As for the common charge that the contents of the Bill of Rights are “outdated” or “tainted” or applicable only to a time or place, to me it seems quite ridiculous. I have met a good number of people who think that the Third Amendment’s restriction of the peacetime quartering of troops seems “antiquated.” But I have met few who, when asked in earnest, suggest that it should be removed in consequence. Other provisions within the series are more hotly disputed at present, but, as someone who is familiar with recent human history, I am at a loss to explain why. We are often told that “the Founding Fathers couldn’t have imagined the modern world,” which, if true, would seem to militate in favor of preserving their robustly individualist Constitution, rather than against. Who can seriously look at the horrors of the 20th century — at the Soviet Union, at Mao’s China, at Nazi Germany — and conclude that the countries that escaped that fate would benefit from having fewer explicit rights chiseled into their national stone? Who can propose with a straight face that the ills attendant to untrammeled free speech, guaranteed trial by jury, and a broad right to bear arms outweigh the benefits that are provided by Madison’s “free Government”? Who hopes to remove the prohibition of “cruel and unusual punishment” or to allow the state to establish a religion or to leave the presumption of innocence to congressional vagary?

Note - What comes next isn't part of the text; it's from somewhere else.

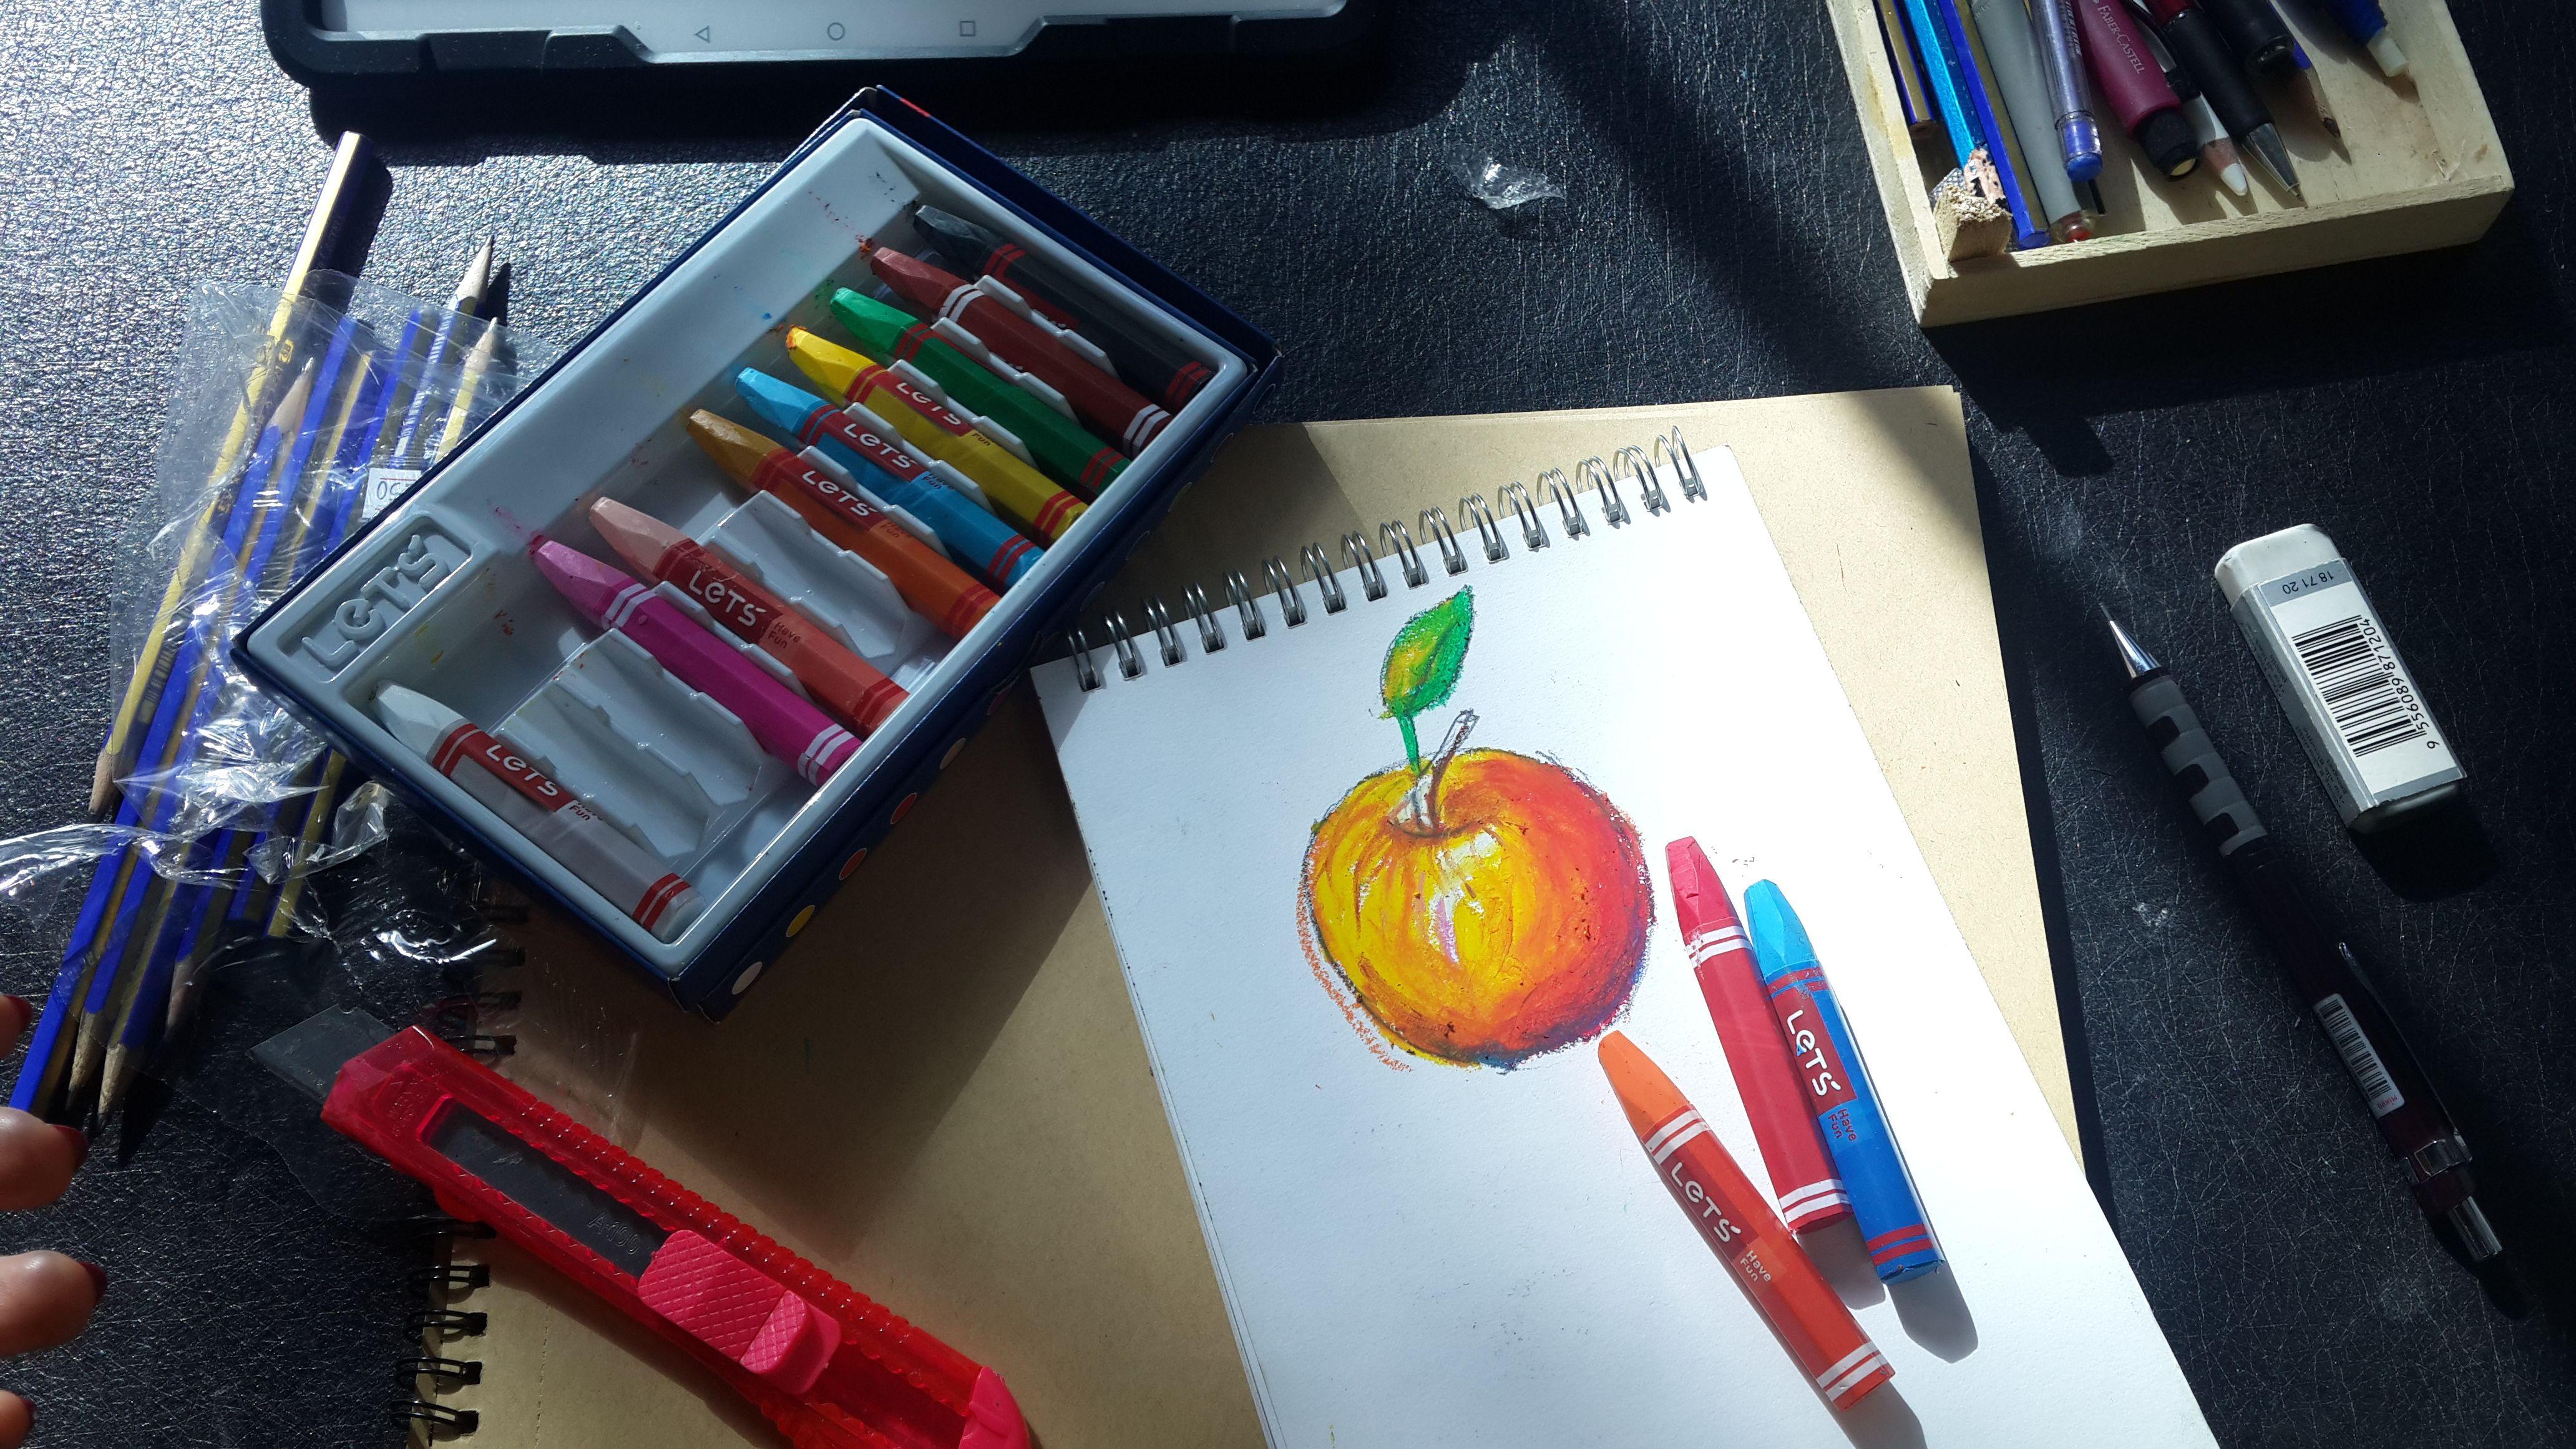 Pastel Boya Nasil Yapilir 7 5 Tl Lik Pastel Boyayla Neler Yaptik Merhaba Arkadaslar Bugun Sizler Ben Ve Arkadasim Pastel Boya Nasil Yapilir Pastel Draw Tablet
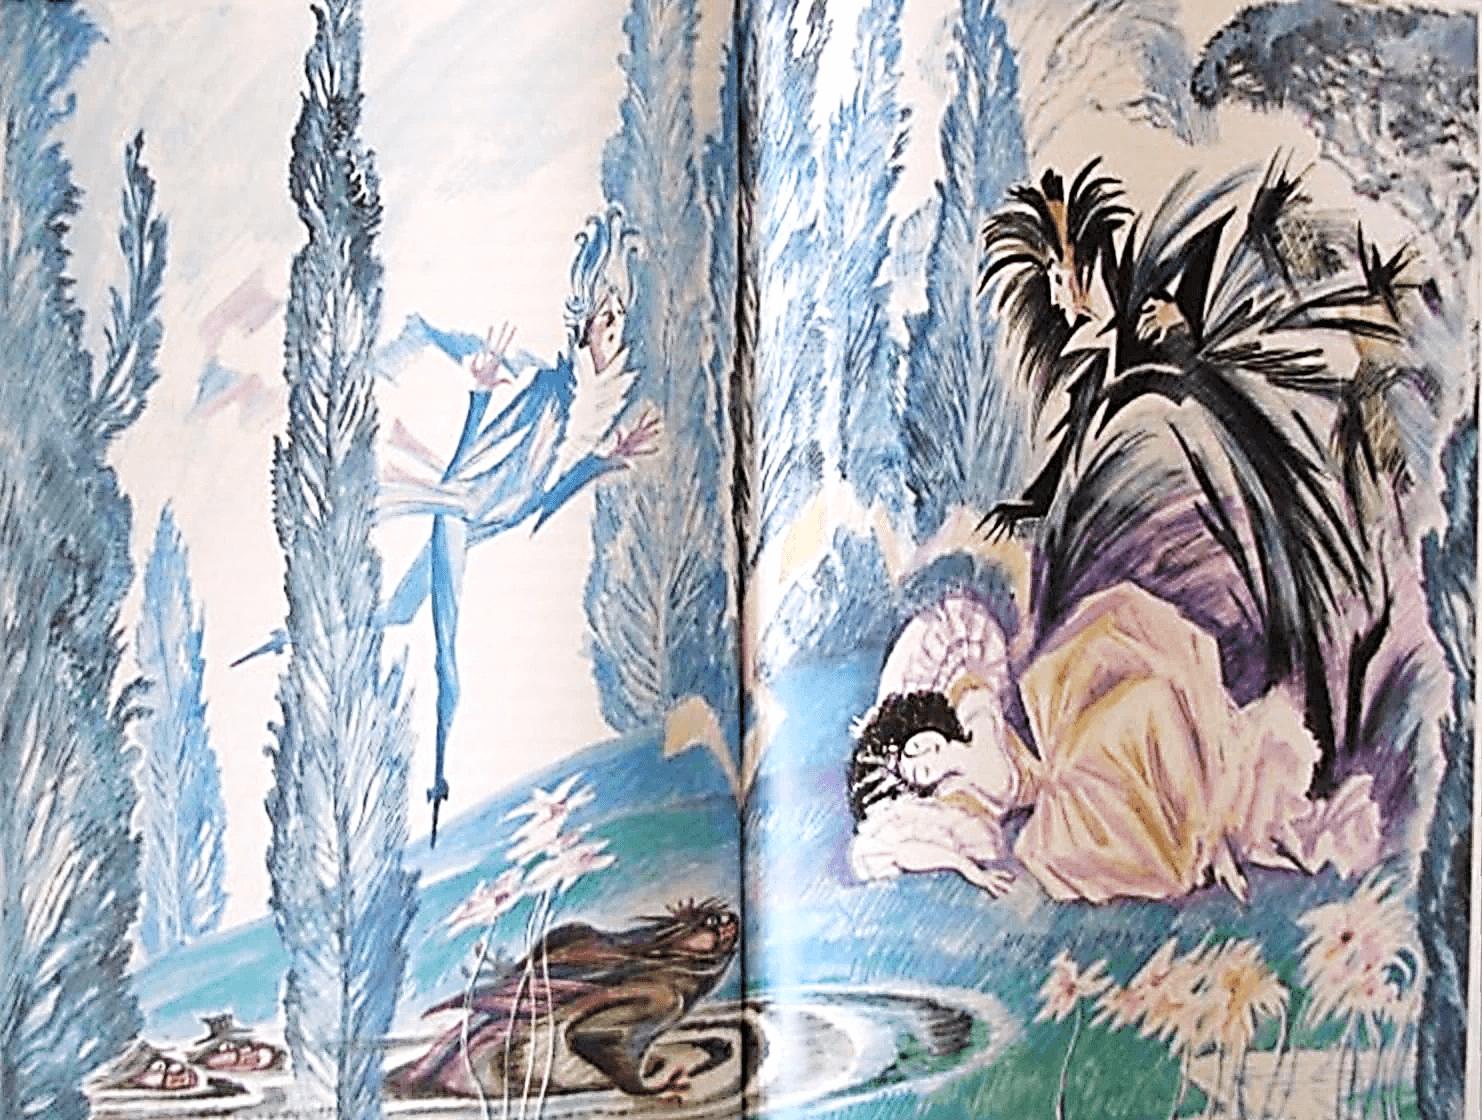 Иллюстрация Н.Г. Гольц к сказке Э.Т.А. Гофмана «Повелитель блох»

Not I. Indeed, I would sooner consent to have these sureties tattooed in red upon my forehead, as an example and an injunction. Properly understood, America’s Bill of Rights represents a set of prerequisite instructions, without which a free political system simply cannot function over the long term. Just as the programmer of a robot must include a line forbidding his creation to remove its own battery, so the Founders entrenched the basics into their contract, that it might endure well into posterity. It has worked — and worked well. It would be quite the vandal who sought to pull out the wiring.